Изобретение относится к медицине, а именно к травматологии и ортопедии, и предназначено для лечения диафизарных переломов костей предплечья у детей и подростков. Данный вид переломов характеризуется безуспешностью консервативного лечения (закрытой репозиции) при косых и винтообразных изломах и высокой частотой вторичных смещений при удачно проведенной закрытой репозиции при поперечных переломах костей предплечья. Поэтому, в большинстве случаев, преимущественным способом лечения больных с указанной патологией остается оперативный.

Известен способ лечения переломов костей предплечья у детей и подростков с применением аппарата Илизарова, включающий в себя наложение четырехсекционного аппарата Илизарова (1). Применяемая компоновка аппарата обладает хорошими репозиционными свойствами, которая позволяет проведение репозиции каждой кости предплечья изолированно, с возможностью устранения ротационного смещения лучевой кости. Однако существующий способ имеет недостатки, состоящие в громоздкости компоновки аппарата при значительном его весе и большом числе проводимых спиц. Спицевая система репозиции, из-за ограниченного «коридора безопасности» при их проведении (в зависимости от плоскости излома и характера смещения фрагментов), также является недостатком. Проведение чрескостного остеосинтеза при репозиции отломков, выполняемой за счет спиц с упорными площадками, связано с техническими сложностями, наблюдающимися вследствие различных вариантов смещения отломков и ограниченного «коридора безопасности» при их проведении, с чем связаны случаи развития ятрогенных невритов, сосудистых осложнений и контрактур смежных суставов.
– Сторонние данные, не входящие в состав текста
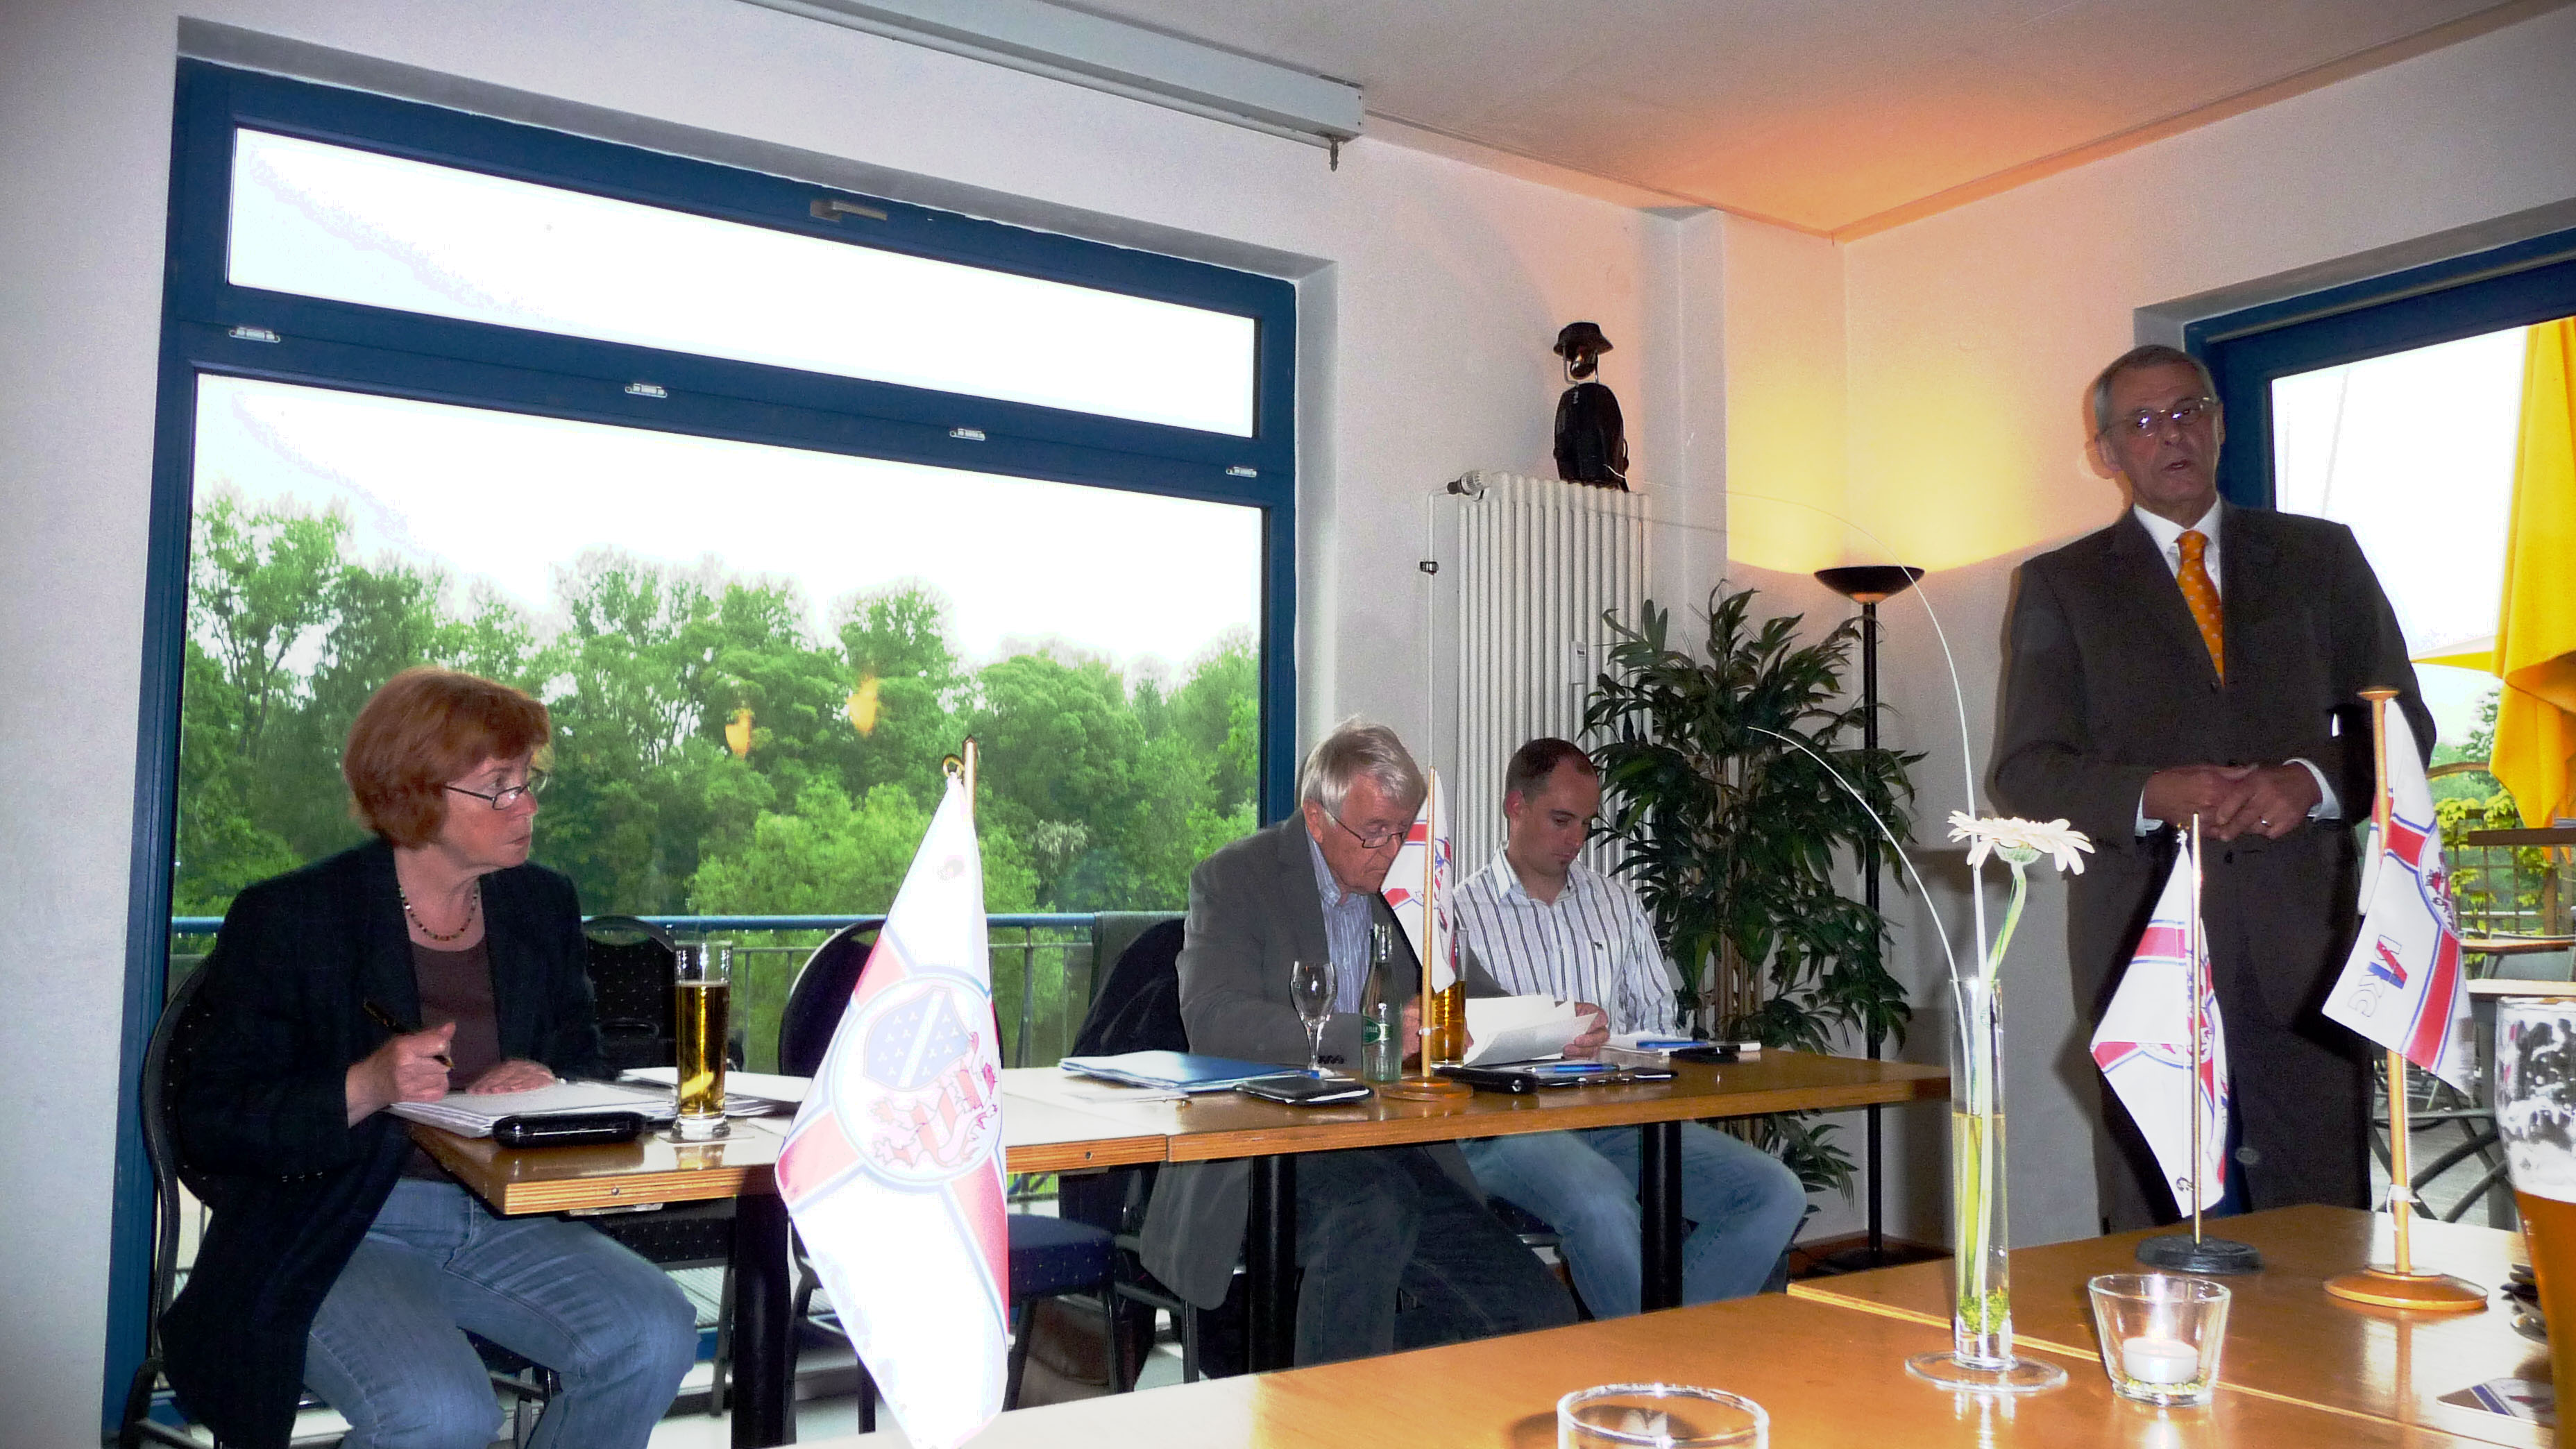 Mitgliederversammlung Vorstand Frank Oberbrunner, v.l. I.Wunderlich, Dr. R. Knauff, M. Feldmann

Наиболее близким по своему техническому решению является способ чрескостного остеосинтеза по Г.А.Илизарову - С.И.Шведу - К.У.Кудзаеву в модификации Л.Н.Соломина (2). При использовании предлагаемой компоновки автор применяет спицестержневую систему фиксации фрагментов костей, что значительно облегчает проведение их репозиции. При этом автор использует четырехсекционную компоновку аппарата, что утяжеляет конструкцию и затрудняет проведение реабилитации смежных суставов в раннем послеоперационном периоде. Кроме того, при устранении ротационного смещения лучевой кости по Г.А.Илизарову - С.И.Шведу - К.У.Кудзаеву проксимальный отдел предплечья предлагается фиксировать через оба фрагмента кости, в результате чего фрагменты становятся неуправляемыми (немобильными), а это ухудшает репозиционные свойства аппарата. К недостаткам способа относится применение на дистальном фрагменте локтевой кости 3-х элементов фиксации, из которых 2 - спицы («дистальная базовая и дистальная репозиционно-фиксационная») и 1 - репозиционный стержень, наложенный на проксимальный отдел дистального фрагмента локтевой кости. Такая фиксация кажется излишней, так как двух элементов вполне достаточно для фиксации и репозиции дистального фрагмента локтевой кости.
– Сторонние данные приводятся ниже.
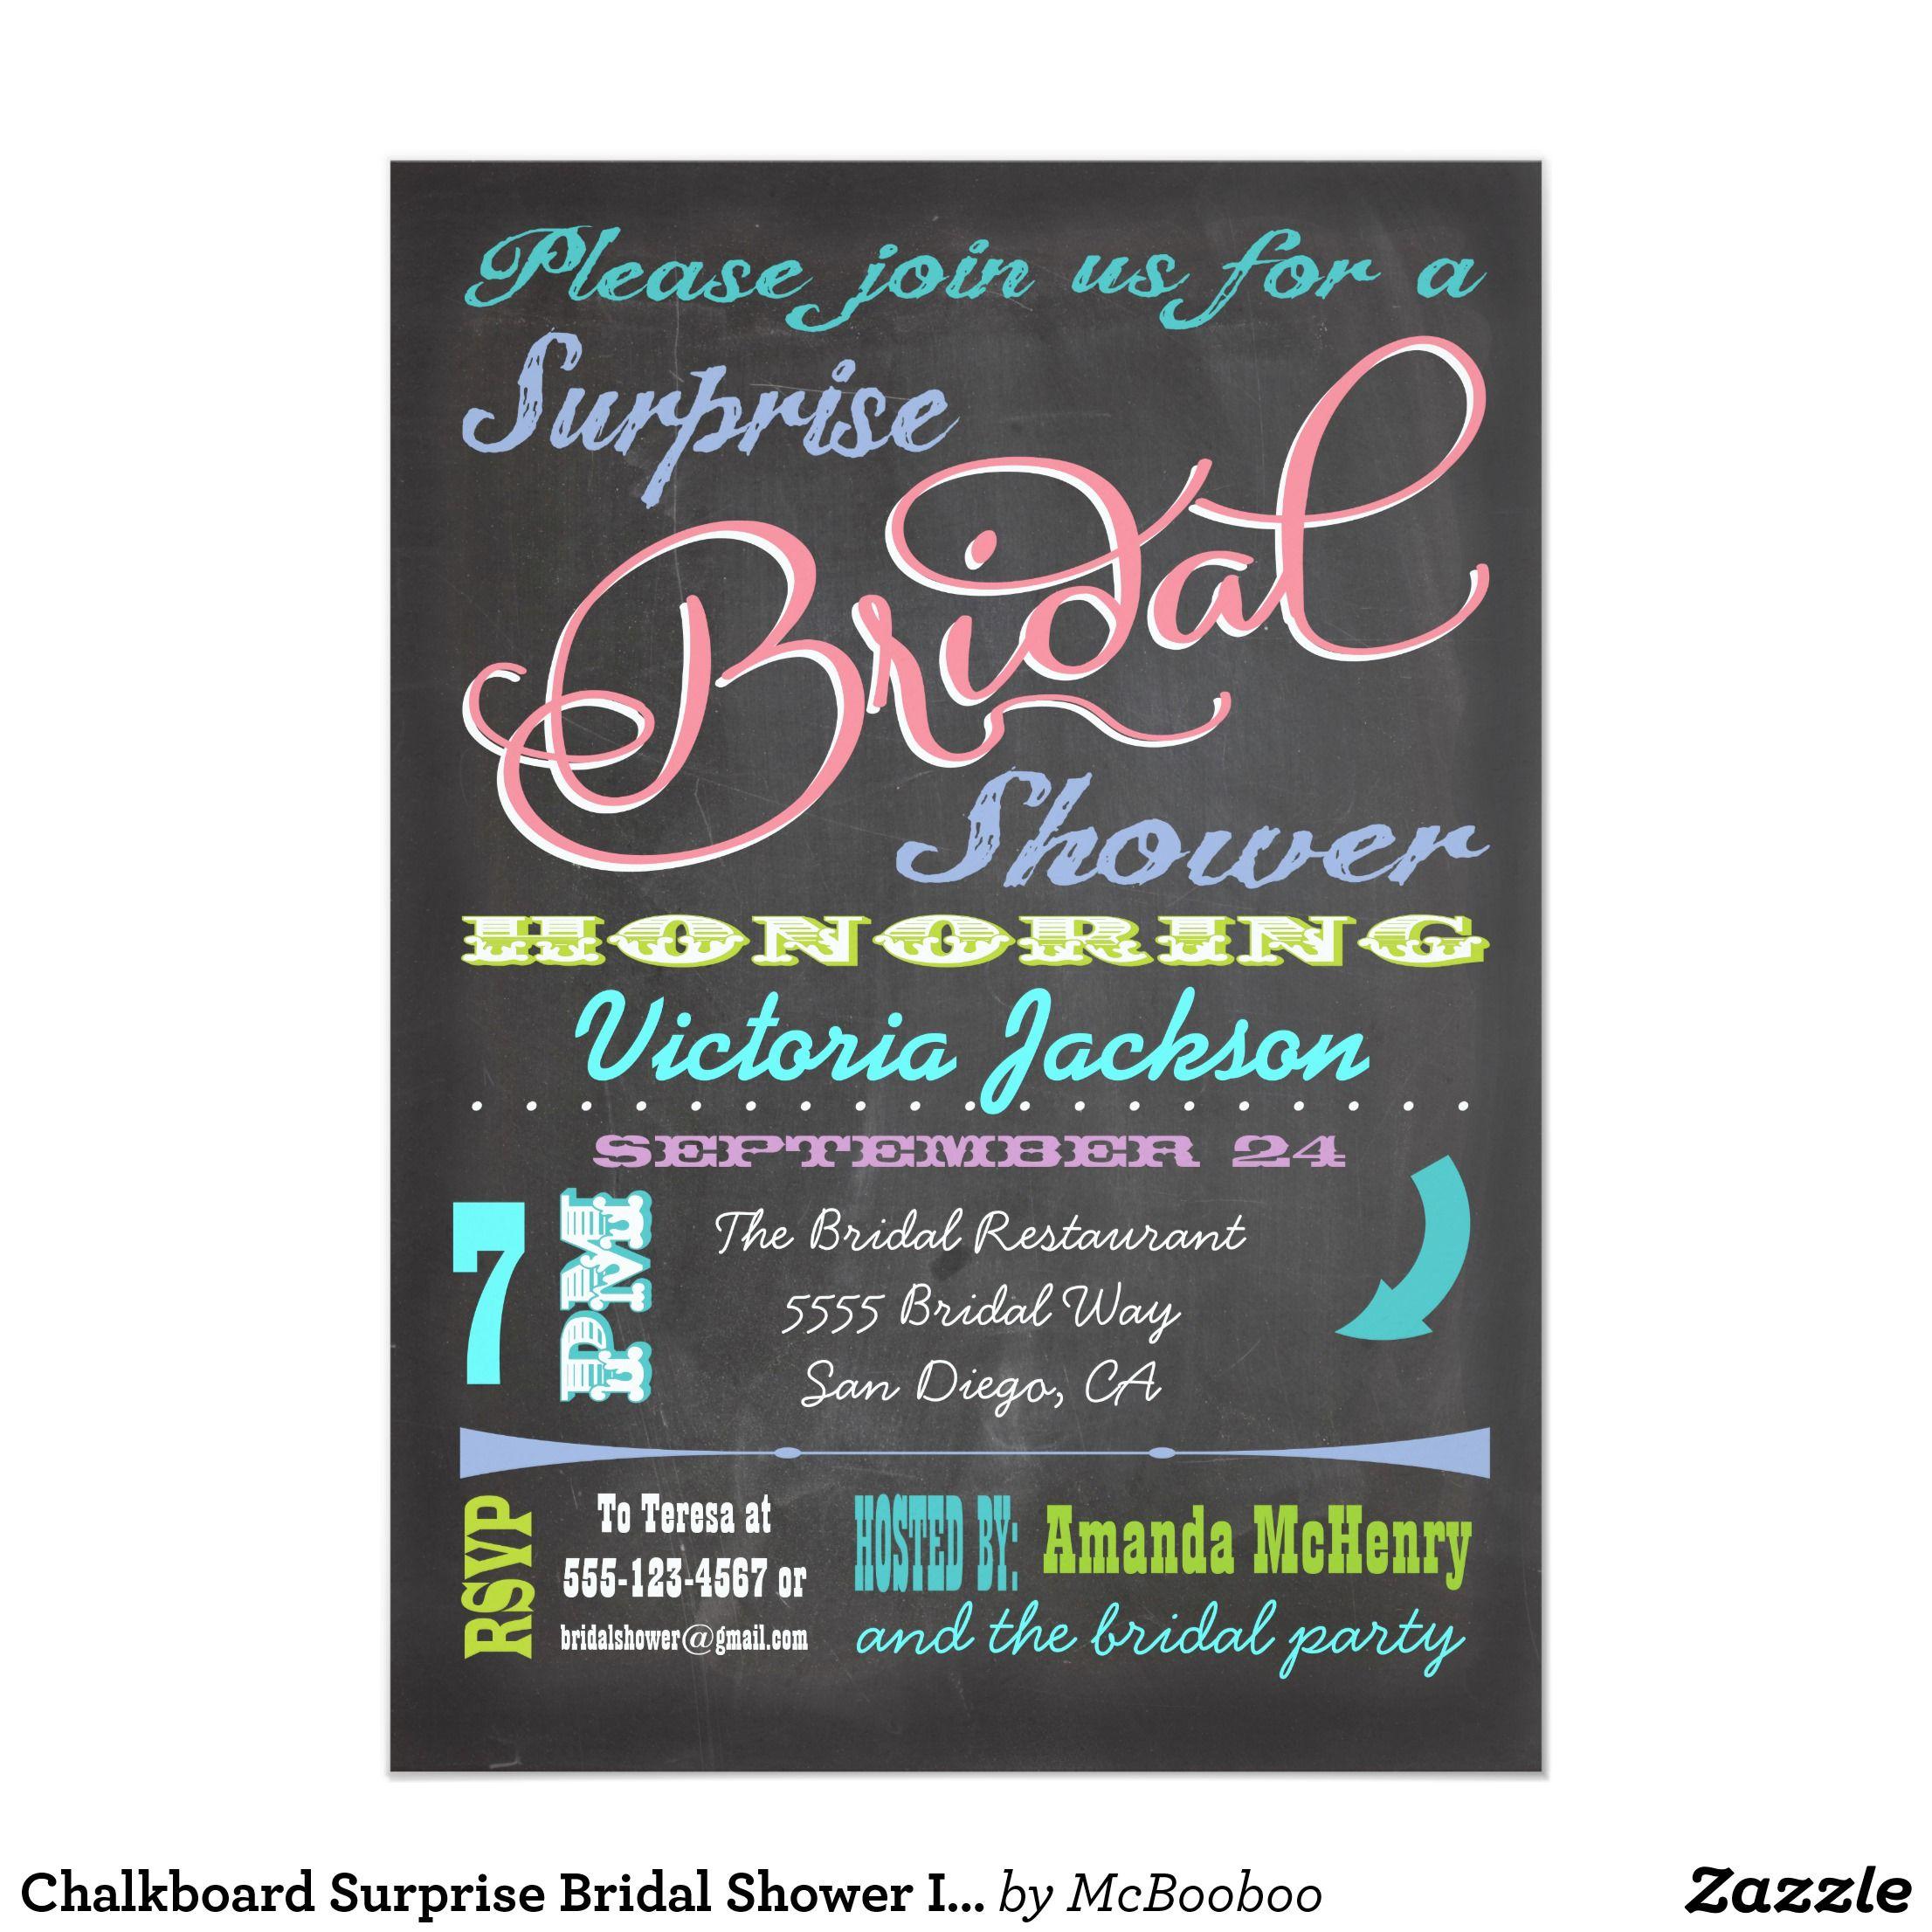 Chalkboard Surprise Bridal Shower Invitations Bridal Showers

Сущность изобретения выражается совокупностью существенных признаков, достаточной для достижения технического результата, состоящего в обеспечении компоновки аппарата для чрескостного остеосинтеза при малом его весе, хорошими репозиционными и фиксационными свойствами при уменьшении точек фиксации параоссальных тканей к кости.

Сущность изобретения состоит в том, что способ чрескостного остеосинтеза переломов костей предплечья включает наложение аппарата Илизарова, содержащего кольцевые и полукольцевые опоры, дистракцию, устранение ротационного смещения лучевой кости и репозицию фрагментов костей предплечья. Аппарат содержит две кольцевые и одну полукольцевую опору. После установки предплечья в нейтральное положение между пронацией и супинацией проводят по одной спице во фронтальной плоскости проксимального конца локтевой кости и через пястные кости, на которых монтируют проксимальную кольцевую и полукольцевую опоры соответственно. Собирают аппарат Илизарова, соединяя резьбовыми штангами проксимальную, дистальную кольцевые и полукольцевую опоры, производят дистракцию на 1-2 мм большую, чем величина смещения отломков по длине. В каждый костный фрагмент, перпендикулярно оси положения фрагментов лучевой и локтевой костей в сагиттальной плоскости, устанавливают внутрикостные стержни. Устраняют ротационное смещение лучевой кости ротационным перемещением проксимального стержня, проведенного через проксимальный фрагмент лучевой кости. Устраняют смещение по ширине установленными на кольцевых опорах внутрикостными стержнями, после окончания репозиции проводят компрессию костных фрагментов. Производят фиксацию фрагментов костей предплечья, стабилизировав лучевую кость спицей, проведенной через ее дистальный отдел, фиксированной на дистальной кольцевой опоре, и консольной спицей, проведенной через проксимальный фрагмент лучевой кости, фиксированной к проксимальной опоре. Локтевую кость стабилизируют консольной спицей на дистальном ее отделе, производят фиксацию спиц на выносных кронштейнах в кольцевых опорах, демонтируют полукольцевую опору.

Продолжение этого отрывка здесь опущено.